From the records below, print only the part that opens with the line containing "Fairybell 600 Cm" and closes with the line containing "6488d6a330461 Nike Air"; omit the pictures.

-- MATERIAL FOR THE TASK follows --

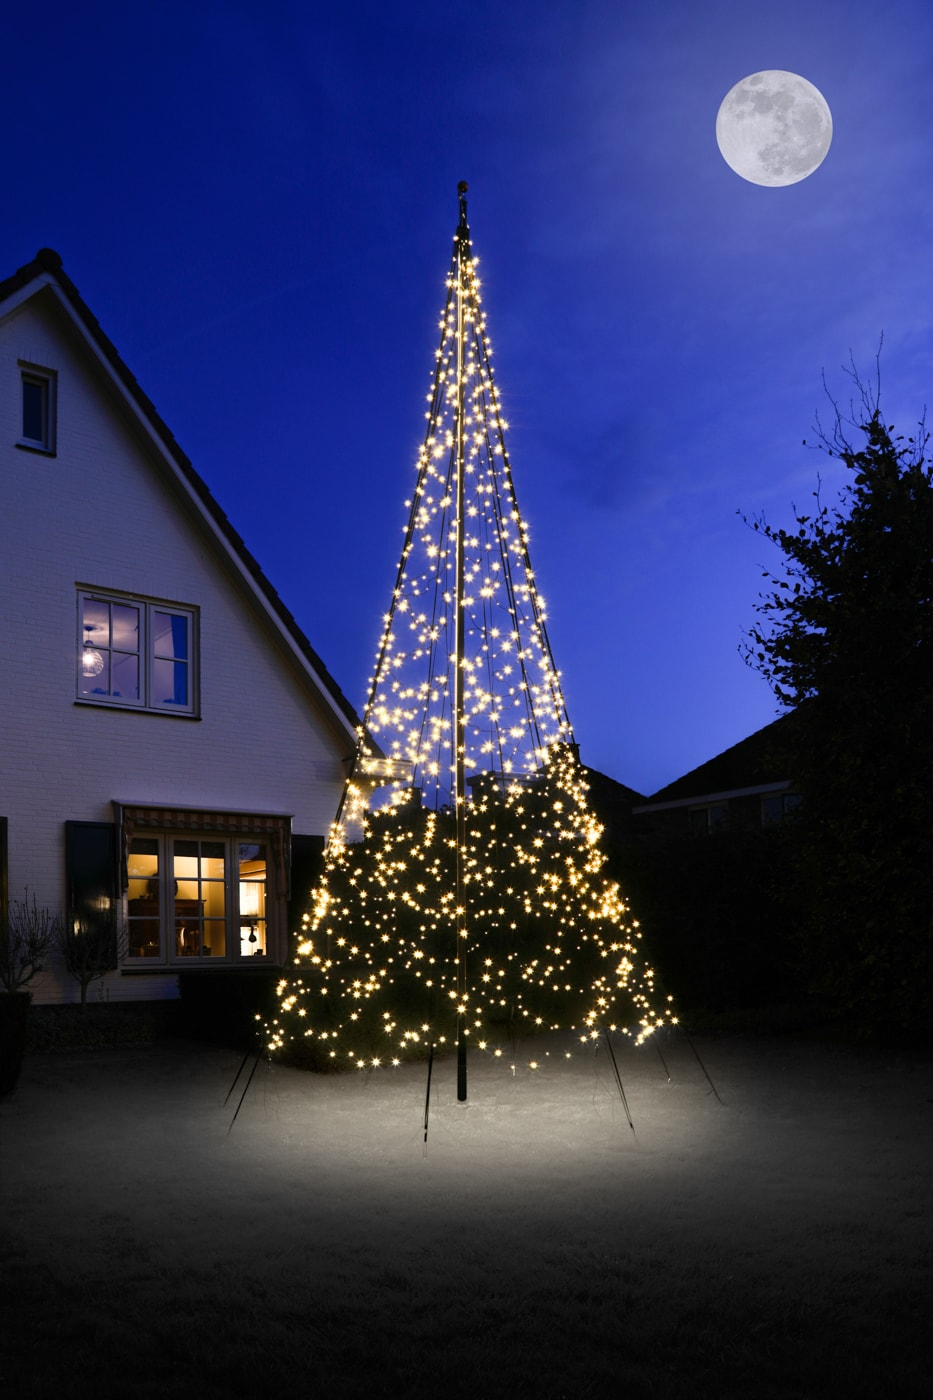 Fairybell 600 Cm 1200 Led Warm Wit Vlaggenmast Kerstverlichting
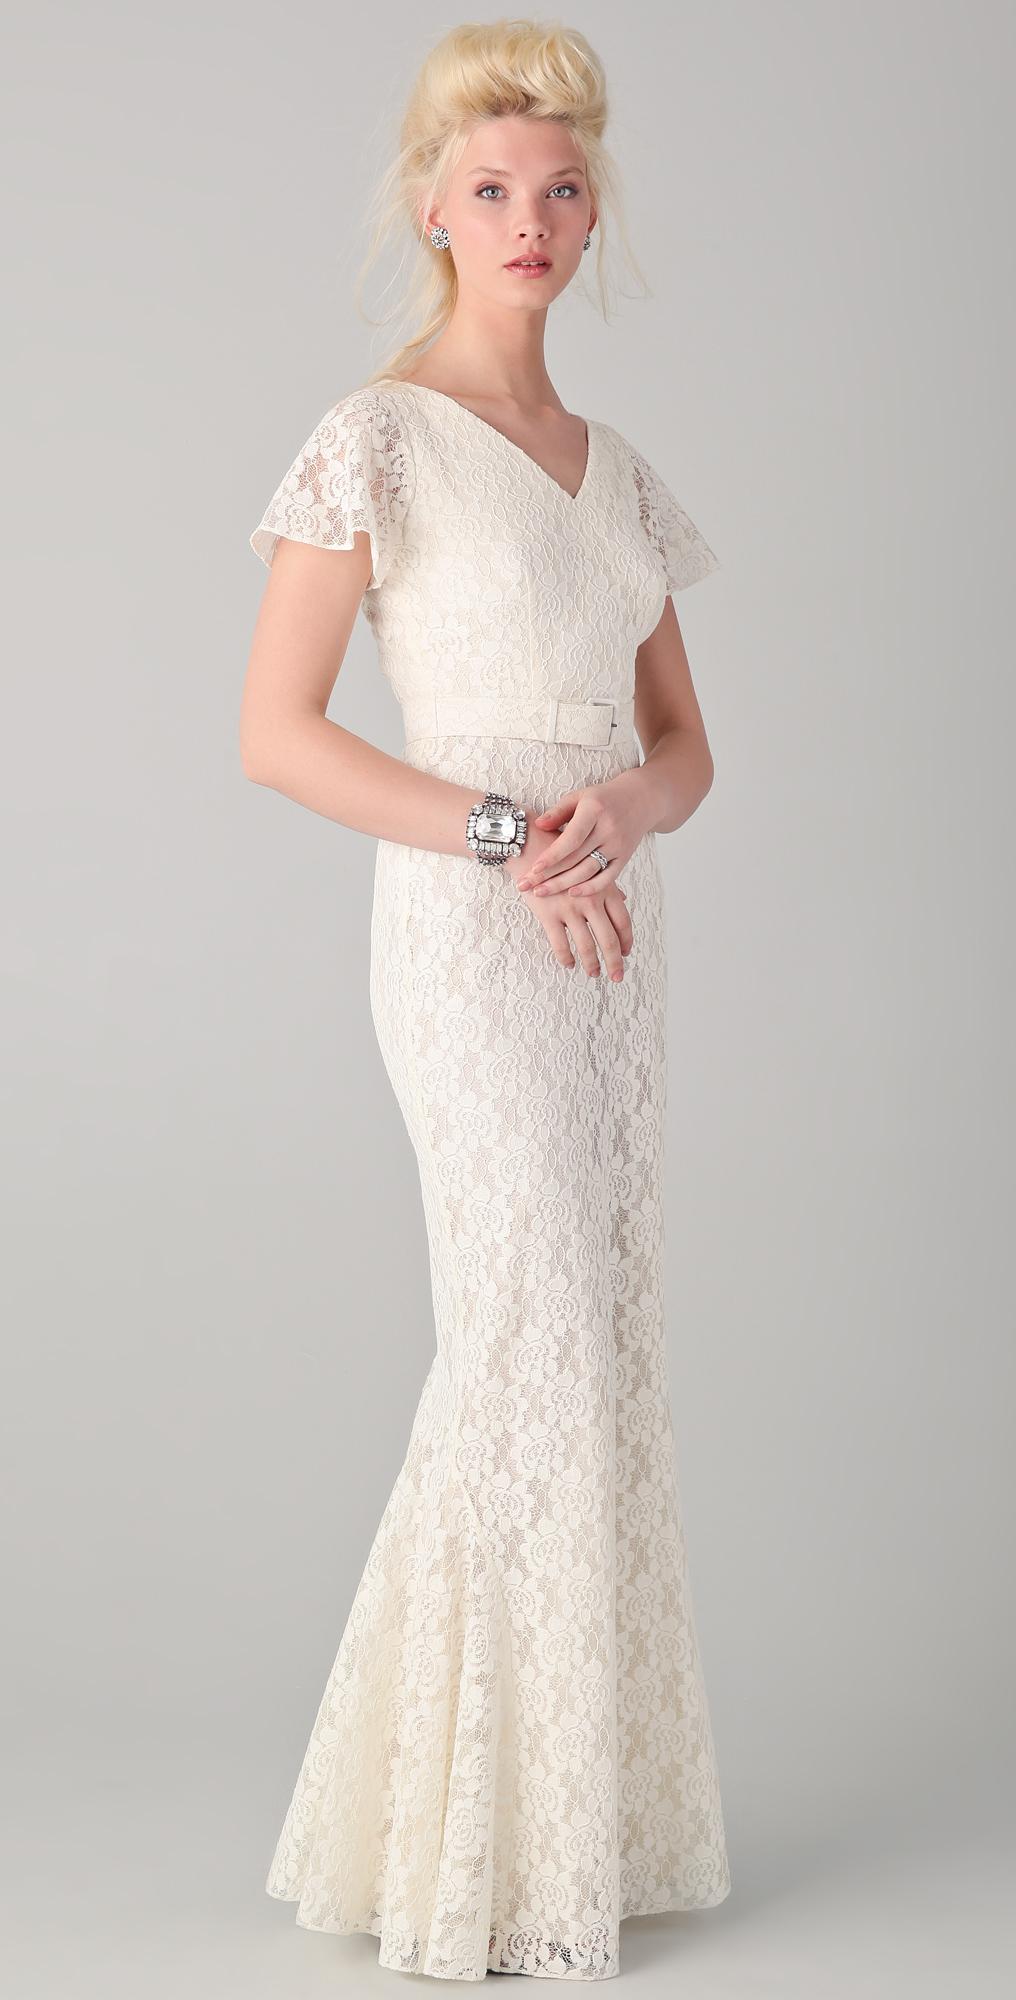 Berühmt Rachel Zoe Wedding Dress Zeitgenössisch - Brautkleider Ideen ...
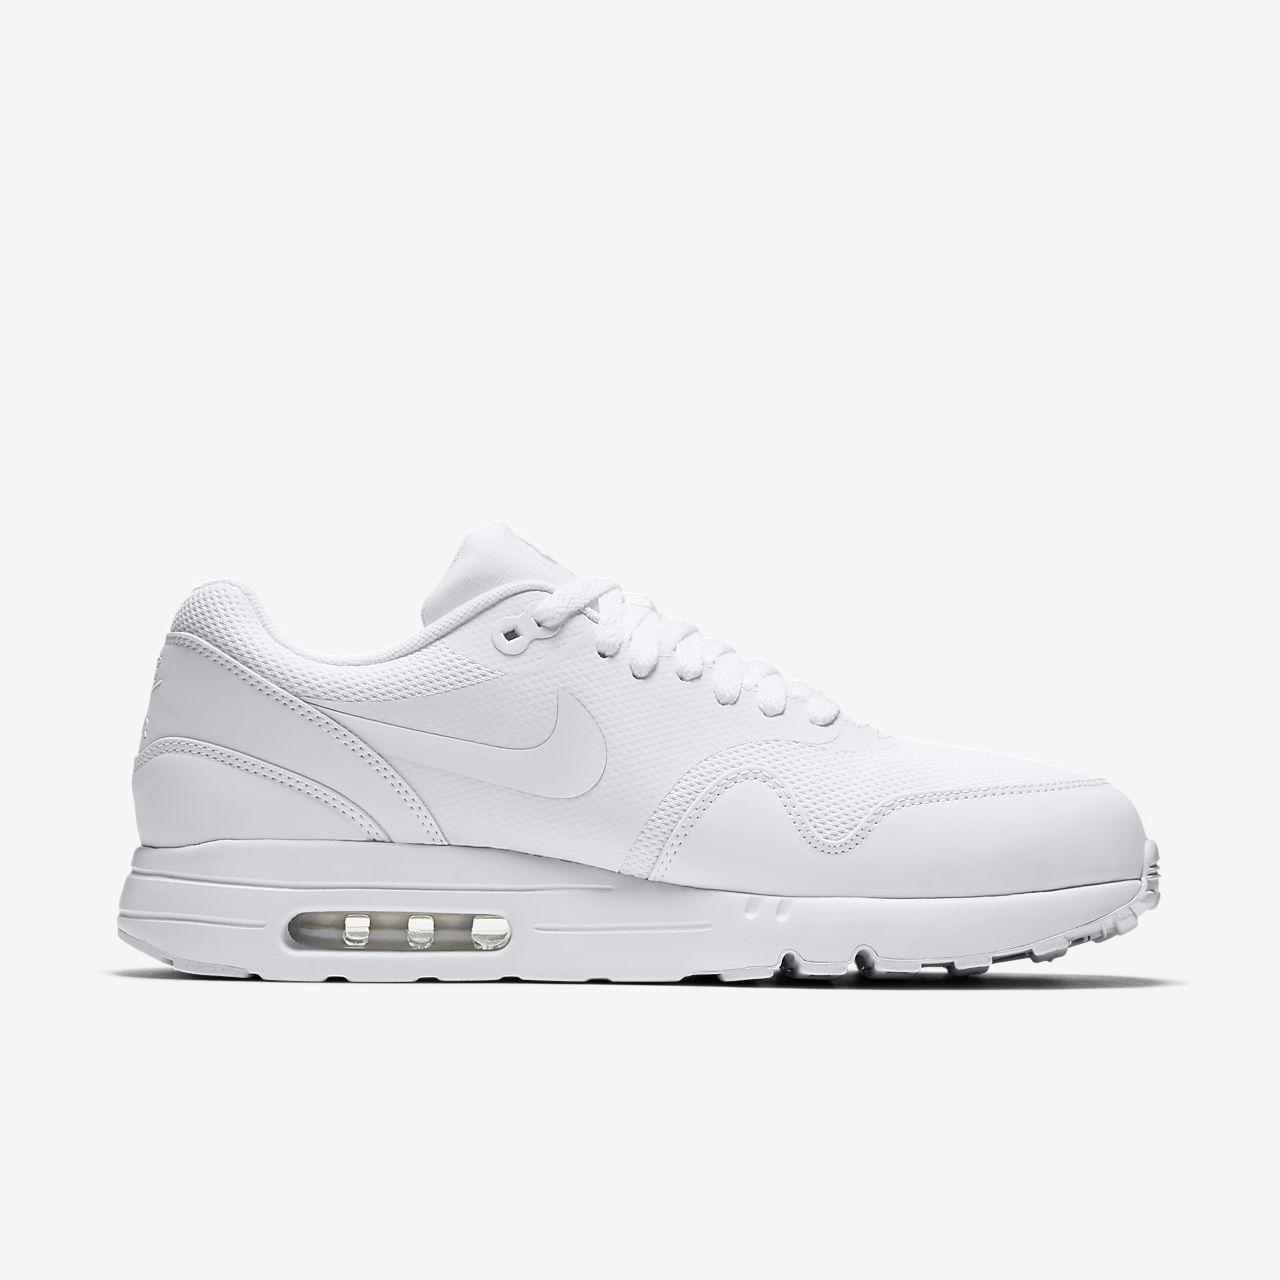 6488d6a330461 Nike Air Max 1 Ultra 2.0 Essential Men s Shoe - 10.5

-- MATERIAL FOR THE TASK concluded --
-- MATERIAL FOR THE TASK follows --

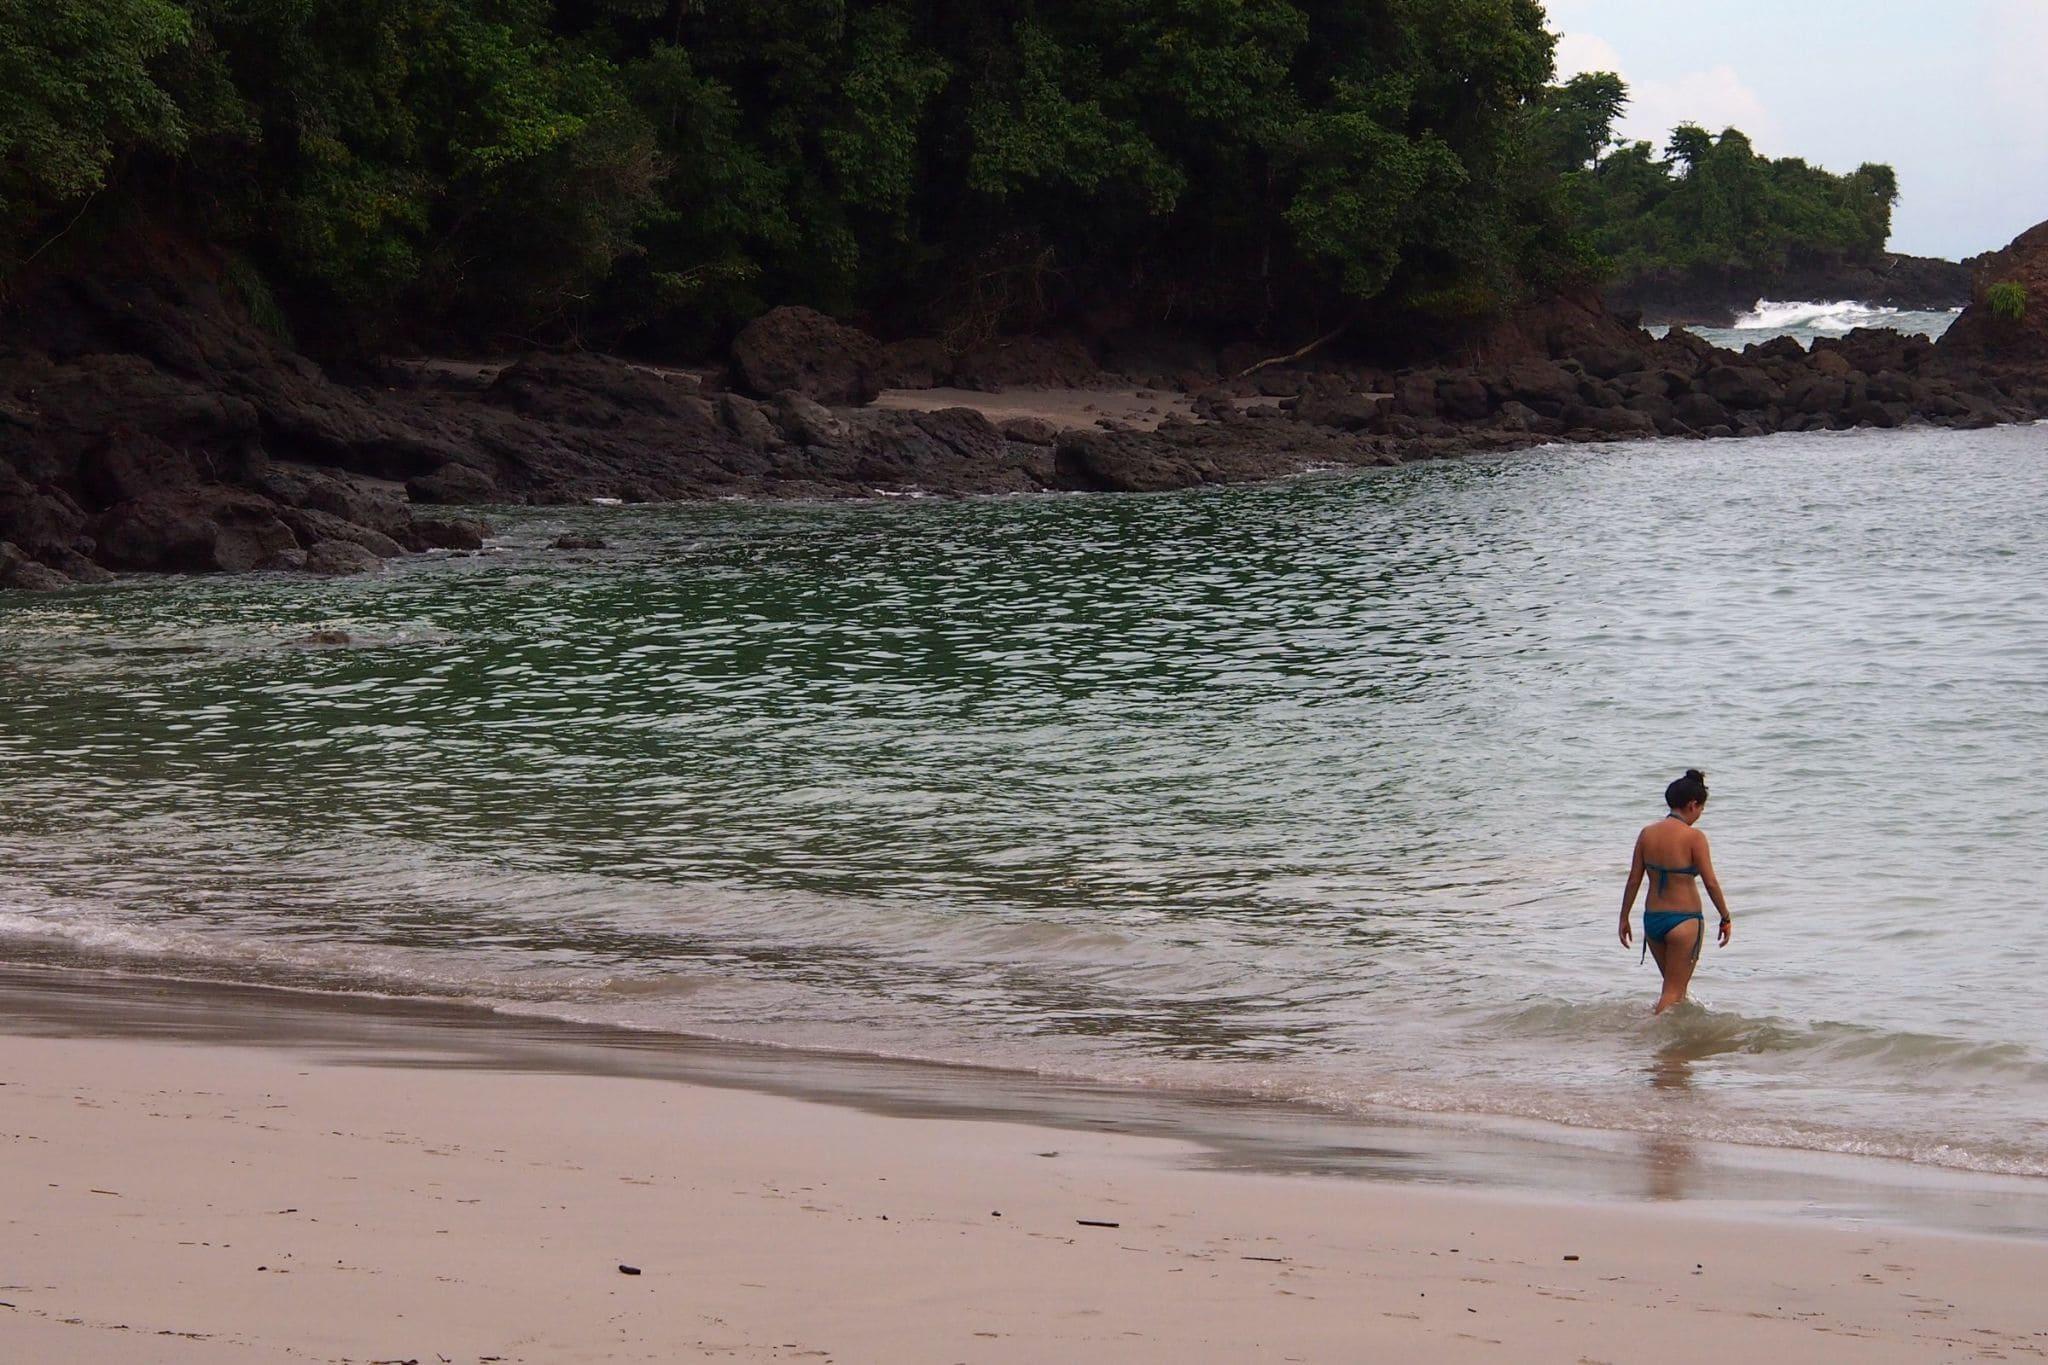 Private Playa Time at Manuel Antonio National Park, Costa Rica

-- MATERIAL FOR THE TASK concluded --

RESULT OF THE EXERCISE:
 Fairybell 600 Cm 1200 Led Warm Wit Vlaggenmast Kerstverlichting
 Berühmt Rachel Zoe Wedding Dress Zeitgenössisch - Brautkleider Ideen ...
 6488d6a330461 Nike Air Max 1 Ultra 2.0 Essential Men s Shoe - 10.5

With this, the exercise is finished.